Other Tips That Can Make You a Profitable Trader
As we mentioned earlier, forex trading is not gambling. There are some useful tools available for currency analysis. The most common forex indicators are the Moving Averages, RSI and MACD. You can use trading oscillators if you want to know when a particular trend is likely to end. Thus, you will know the perfect time to pull out or get into the market.
Economic data cannot be overlooked in forex trading. Remember that you are trading countries’ currencies; hence, economic news from these countries will lead to movements in the market. For this reason, you must pay attention to economic data and news just like you use your forex indicators and trading oscillators.
No two traders indeed are the same. Trade duration differs. Some people enjoy long-term trade while others prefer to meet their target in a short period. The latter is known as forex scalping. Scalpers love to take small profits from different trades.
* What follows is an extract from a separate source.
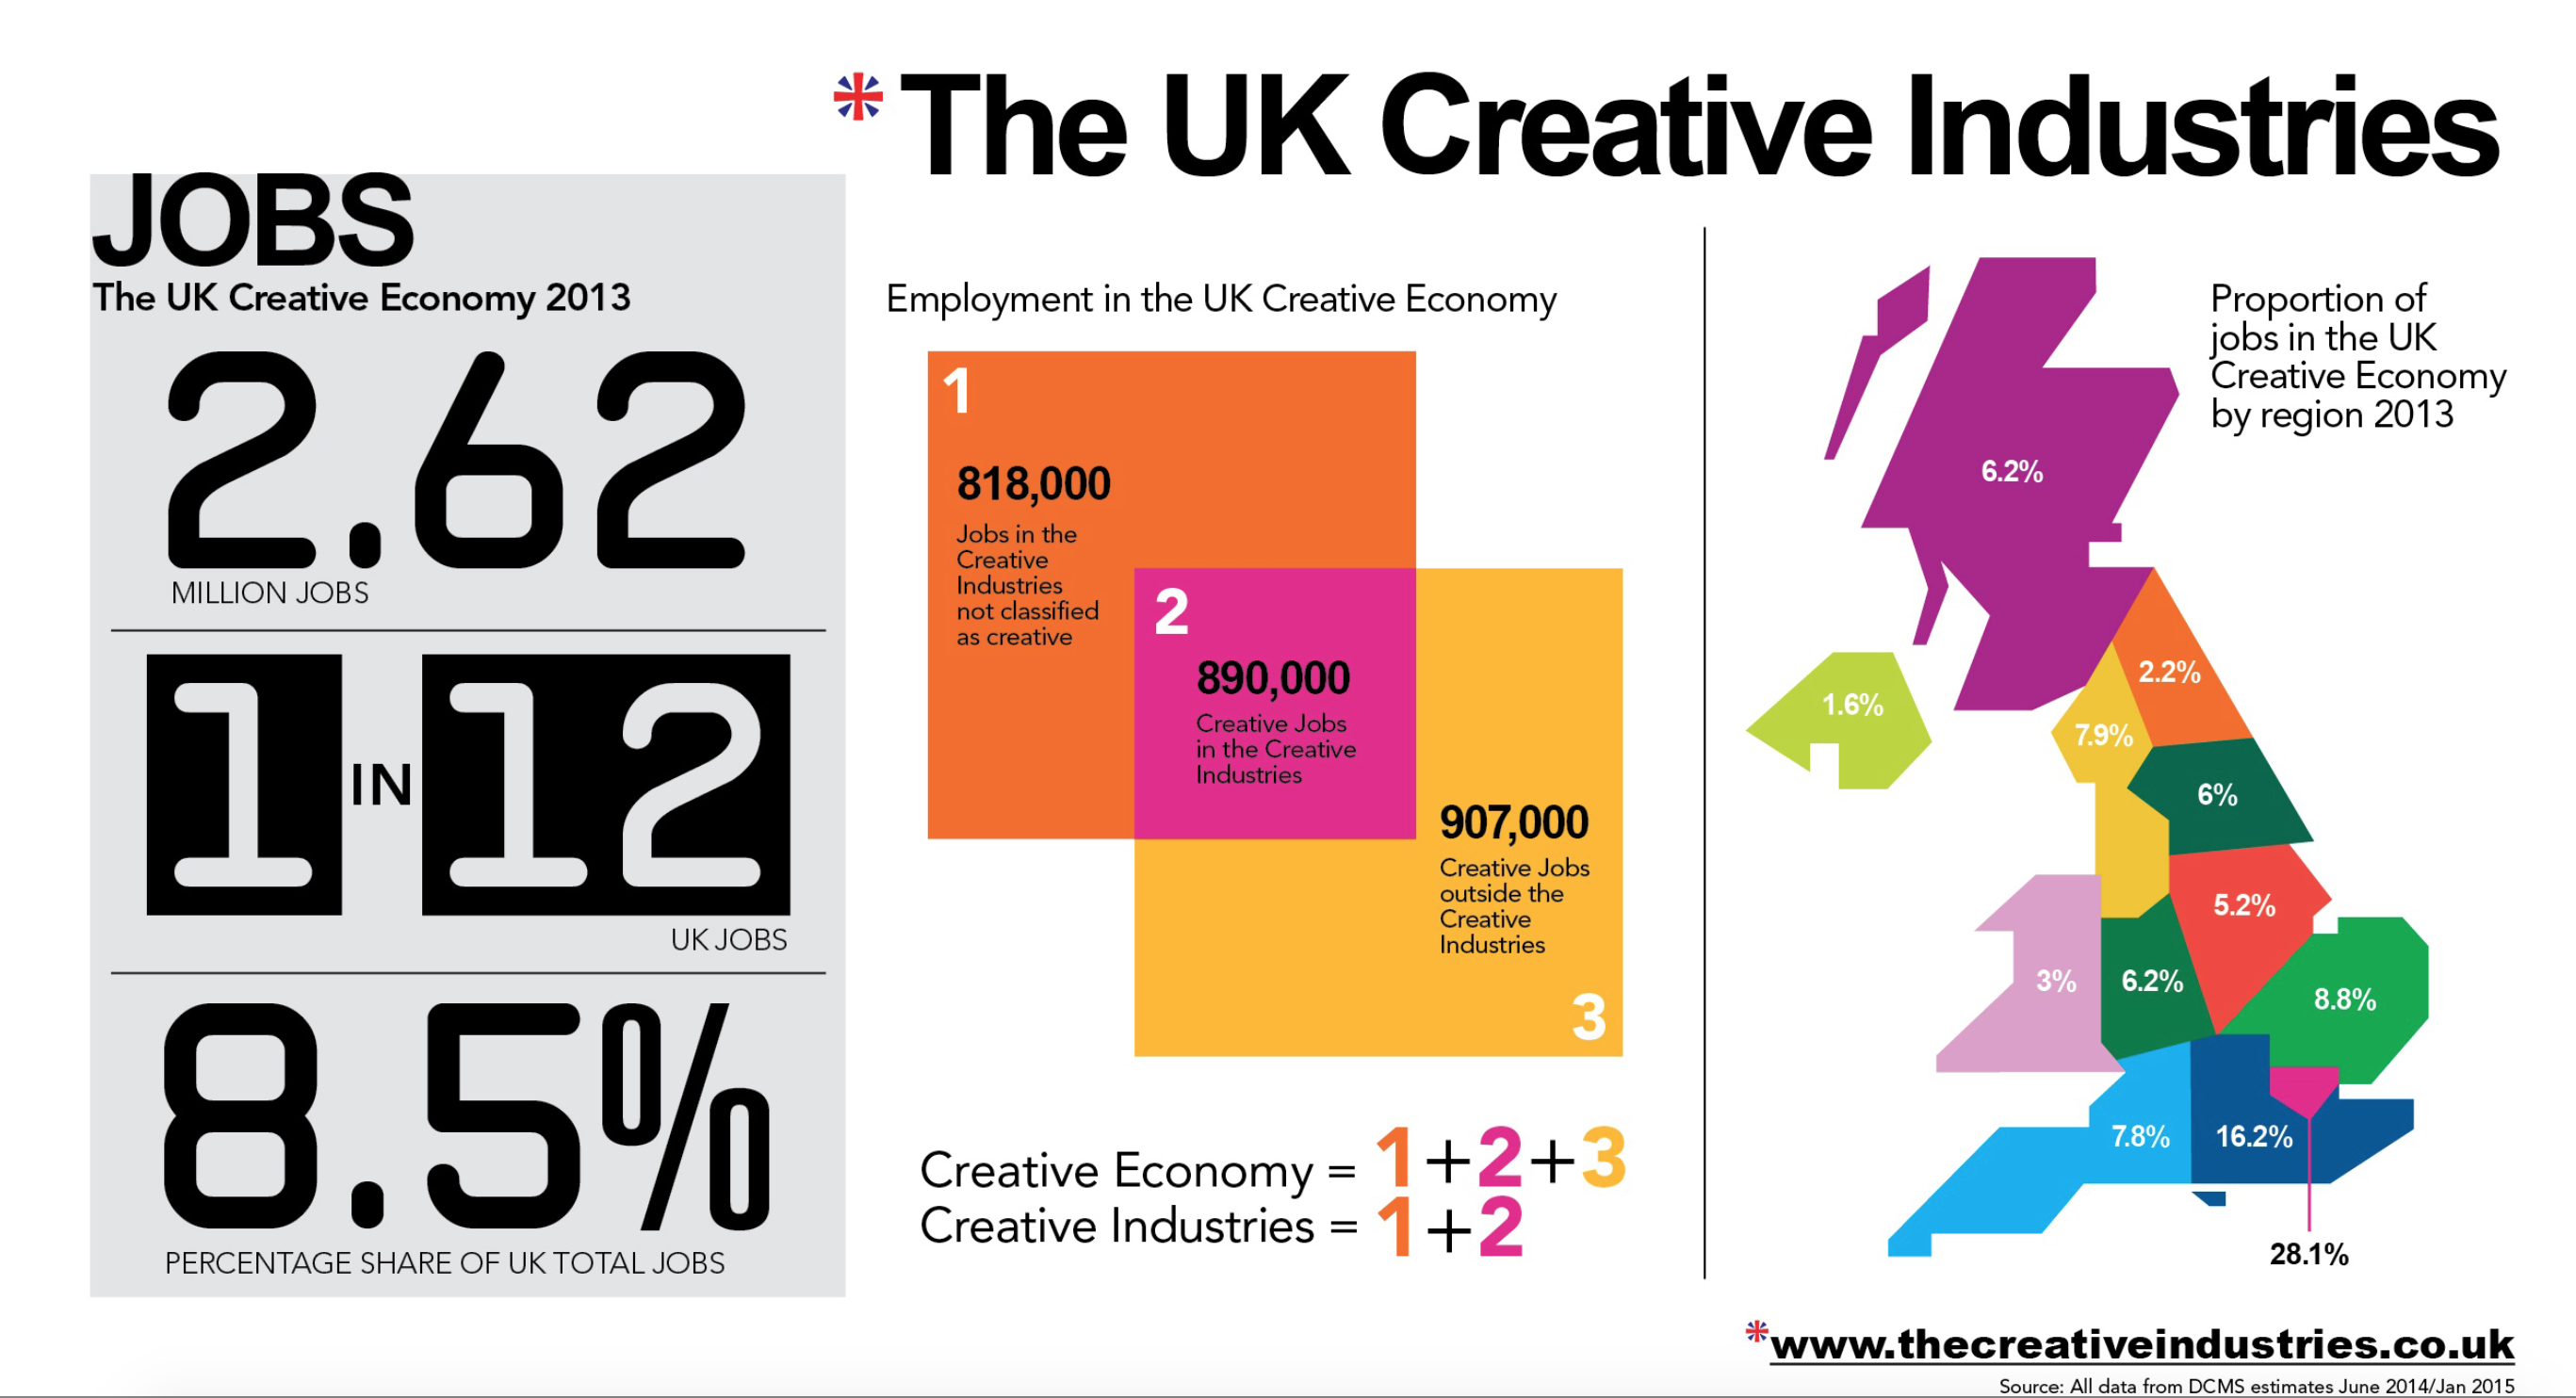 Jobs in the UK Creative Industries

You should practice both trading patterns for some time and discover where your strength lies.
Forex trading is more profitable when you have mastered the strategies. But here’s an eye-opener for you as a trader. The same tools cannot work for all forex market conditions. While some strategies are better-suited for trending markets, other tools can help you make more pips in volatile markets. And, of course, you will not always win in forex. But make sure to use trading results analysis to know your trade win ratio. If it’s on the high side, your trading confidence will improve.
Suppose you are ready to begin your foray into forex trading. In that case, you should download the MT4 or MT5 app (Meta Trader 5 and Meta Trader 5, respectively). Then, you can open a trading account. But remember that you can only be a master of the market with consistent practice!